The task of radio admission control (RAC) is to admit or reject the establishment requests for new radio bearers. In order to do this, RAC takes into account the overall resource situation in E-UTRAN, the QoS requirements, the priority levels and the provided QoS of in-progress sessions and the QoS requirement of the new radio bearer request. The goal of RAC is to ensure high radio resource utilization (by accepting radio bearer requests as long as radio resources available) and at the same time to ensure proper QoS for in-progress sessions (by rejecting radio bearer requests when they cannot be accommodated). RAC is located in the eNB.

Connection Mobility Control (CMC)

Connection mobility control (CMC) is concerned with the management of radio resources in connection with idle or connected mode mobility. In idle mode, the cell reselection algorithms are controlled by setting of parameters (thresholds and hysteresis values) that define the best cell and/or determine when the UE should select a new cell.

Also, E-UTRAN broadcasts parameters that configure the UE measurement and reporting procedures. In connected mode, the mobility of radio connections has to be supported. Handover decisions may be based on UE and eNB measurements. In addition, handover decisions may take other inputs, such as neighbour cell load, traffic distribution, transport and hardware resources and Operator defined policies into account. CMC is located in the eNB.

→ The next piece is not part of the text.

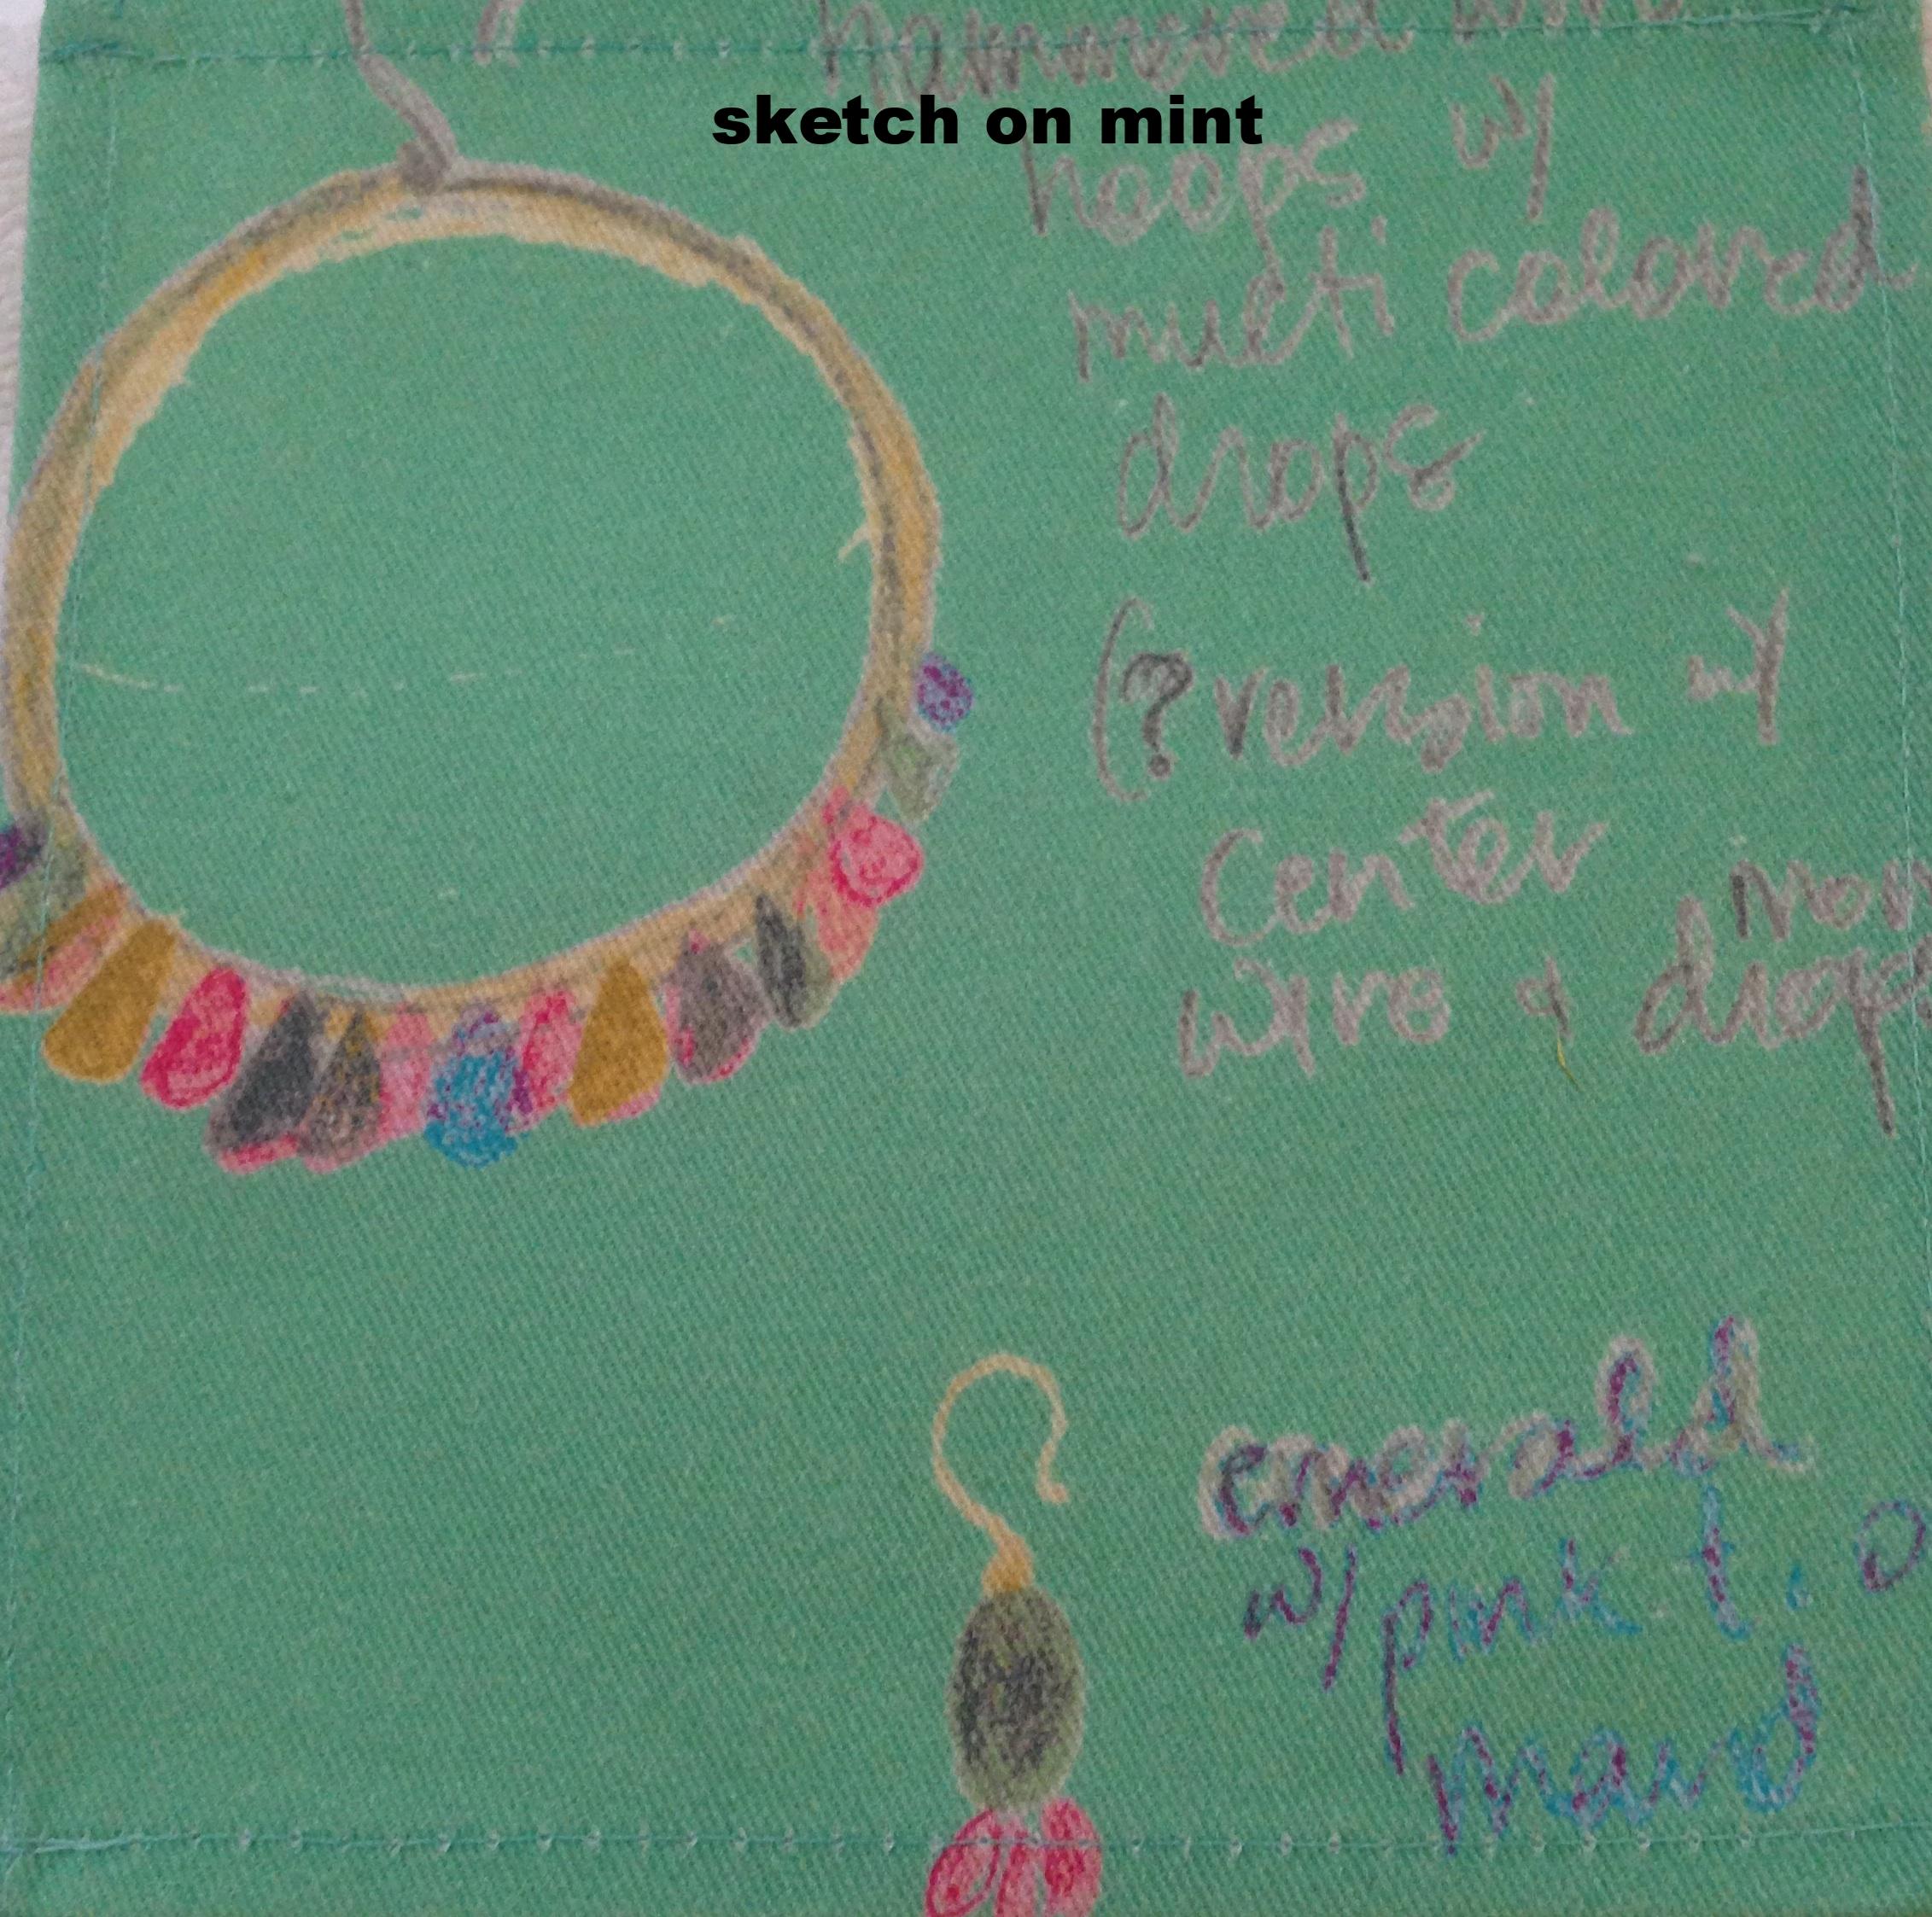 sketch on mint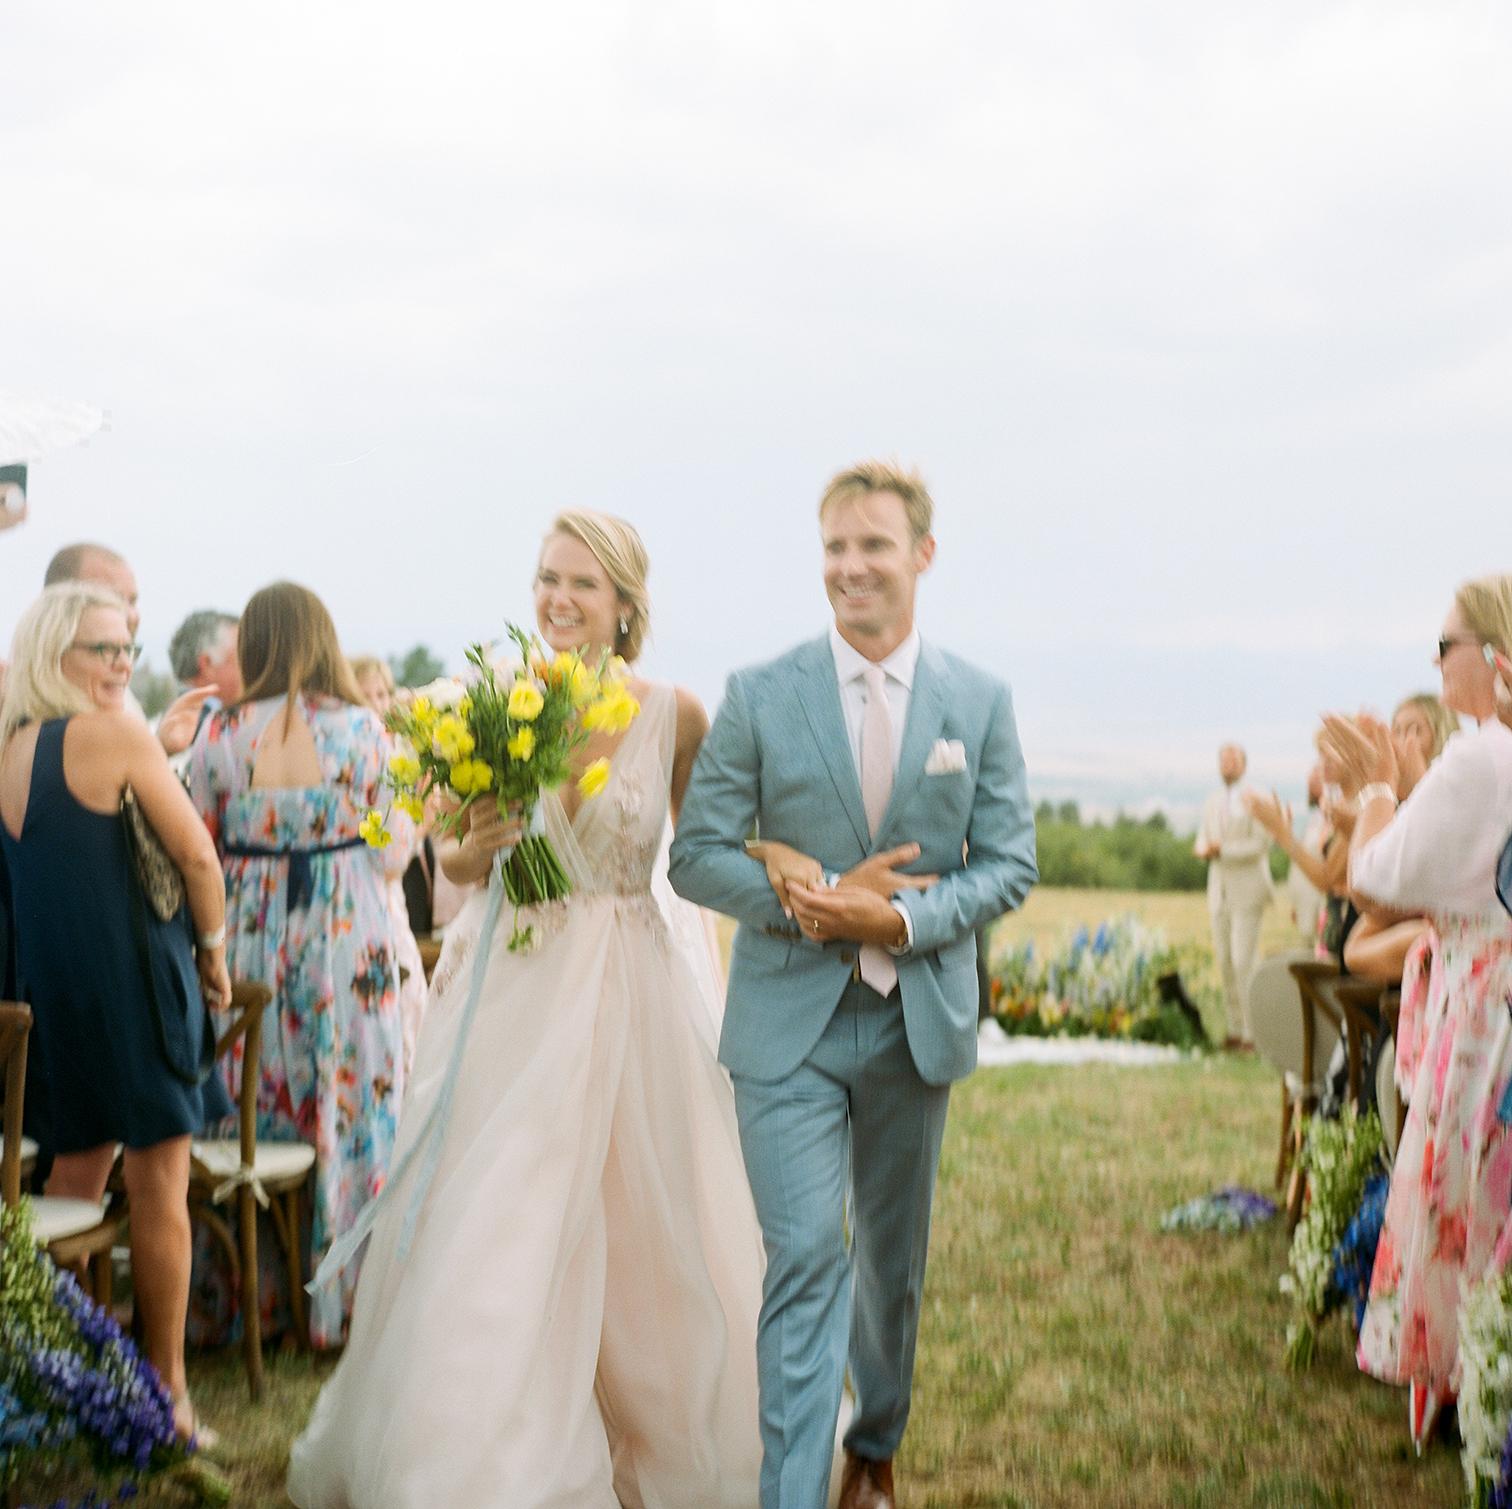 Colorado Wedding Photographers, Mountain Ceremonies, Bride and Groom Walking to Reception

Dynamic Resource Allocation (DRA) - Packet Scheduling (PS)

The task of dynamic resource allocation (DRA) or packet scheduling (PS) is to allocate and de-allocate resources (including buffer and processing resources and resource blocks (i.e. chunks)) to user and control plane packets. DRA involves several sub-tasks, including the selection of radio bearers whose packets are to be scheduled and managing the necessary resources (e.g. the power levels or the specific resource blocks used). PS typically takes into account the QoS requirements associated with the radio bearers, the channel quality information for UEs, buffer status, interference situation, etc. DRA may also take into account restrictions or preferences on some of the available resource blocks or resource block sets due to inter-cell interference coordination considerations. DRA is located in the eNB.

Inter-cell Interference Coordination (ICIC)

Inter-cell interference coordination has the task to manage radio resources such that inter-cell interference is kept under control. ICIC mechanism includes a frequency domain component and time domain component. ICIC is inherently a multi-cell RRM function that needs to take into account information (e.g. the resource usage status and traffic load situation) from multiple cells. The preferred ICIC method may be different in the uplink and downlink. The frequency domain ICIC manages radio resource, notably the radio resource blocks.

For the time domain ICIC, Almost Blank Subframes (ABSs) are used to protect resources receiving strong inter-cell interference. MBSFN subframes can be used for time domain ICIC when they are also included in ABS patterns. The eNB cannot configure MBSFN subframes [4] as ABSs when these MBSFN subframes are used for other usages (e.g., MBMS, LCS). ICIC is located in the eNB.